The New Testament teaches that the result of God’s completed revelation is an all-sufficient Scripture in many places. Second Timothy chapter 3 verse 16, “All Scripture is inspired by God, it’s profitable for teaching, for reproof, for correction, for training in righteousness, so that the man of God may be adequate equipped for every good work.”
Men of God need no additional revelation from God. The Spirit speaks only in and through the inspired Word.
We don’t have to wonder if that message in our mind is from God or not, we have a message from God. Luther also wrote, “Let the man who would hear God speak, read holy Scripture.”
6. NEW TESTAMENT RULES FOR MIRACULOUS GIFTS
In 1 Corinthians 14 Paul lays out specific guidelines for how two of the miraculous biblical gifts were to be practiced in the church.

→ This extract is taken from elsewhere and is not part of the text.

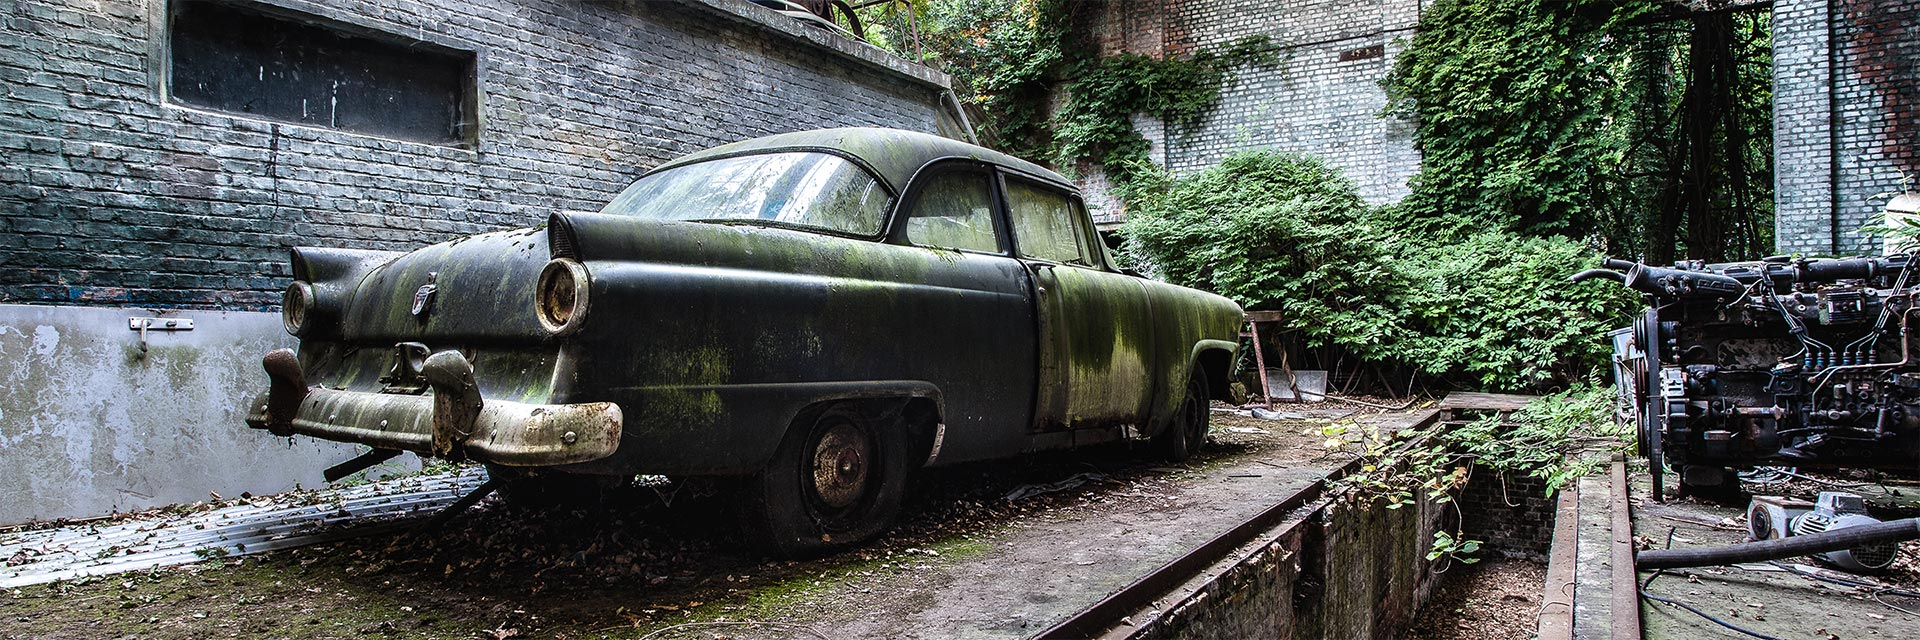 ord-fairlane-vervallen-garage-oude-ford

THE GIFT OF SPEAKING IN TONGUES
First of all, in verses 27 and 28, he addressed speaking in tongues. Two or at the most three, were to speak in tongues in a given service. Secondly, they were to speak one at a time. There had to be order, because that’s like God is. Thirdly, there had to be someone to interpret. No one was allowed to speak in tongues in the corporate worship of the church unless there was someone else who understood that language and could interpret what had been said. In the mouth of two or three witnesses a manner is established. Fourthly, women were not allowed to speak in tongues in the corporate worship.
THE GIFT OF PROPHECY
In verses 29 to 34 Paul goes on to regulate the practice of the New Testament gift or prophecy.
At the most three were to prophesy at a church service. Secondly, other prophets and the congregation were to evaluate those prophecies against previous revelation. They were to speak one at a time, for God is not a God of confusion. Fourthly, women were not allowed to prophesy in the corporate worship.
Tragically most Charismatic practice today completely disregards those clear biblical commands the Apostle laid. In most of the contemporary Charismatic practice, the Holy Spirit is not honored. Instead, He is routinely grieved and disobeyed. The result is not the work of the Spirit, but it is a work of the flesh.
Don’t allow the Holy Spirit’s work to be hi-jacked by those who abuse His name. Secondly, hold to your confidence in the all-sufficient Word. Reject all forms of continuing revelation, including the favorite evangelical form, subjective impressions from God. Don’t ever say “God told me.”
Finally, respond wisely to the different kinds of continuationists. Challenge those Charismatics who have bought into the prosperity gospel, to examine themselves to see if they are in the faith, are only concerned about their own physical needs being met.
When it comes to Charismatics who profess faith in the biblical Jesus and the true biblical gospel, graciously clarify the nature of the true biblical gifts. Treat them as brothers but do not downplay the serious and significant differences, as the sufficiency of Scripture is at stake.
Do not allow yourself for the sake of peace to simply refuse to come to a convinced position. Be like the Bereans who searched the Scriptures daily to see if these things were so.
Listen to Martin Luther. “If I profess with the loudest voice and clearest exposition every portion of the truth of God except precisely that little point which the world and the devil are at that moment attacking, I am not confessing Christ, however boldly I may be professing Christ. Where the battle rages, there the loyalty of the soldier is proved and to be steady on all the battlefield besides is mere flight and disgrace if he flinches at that point.”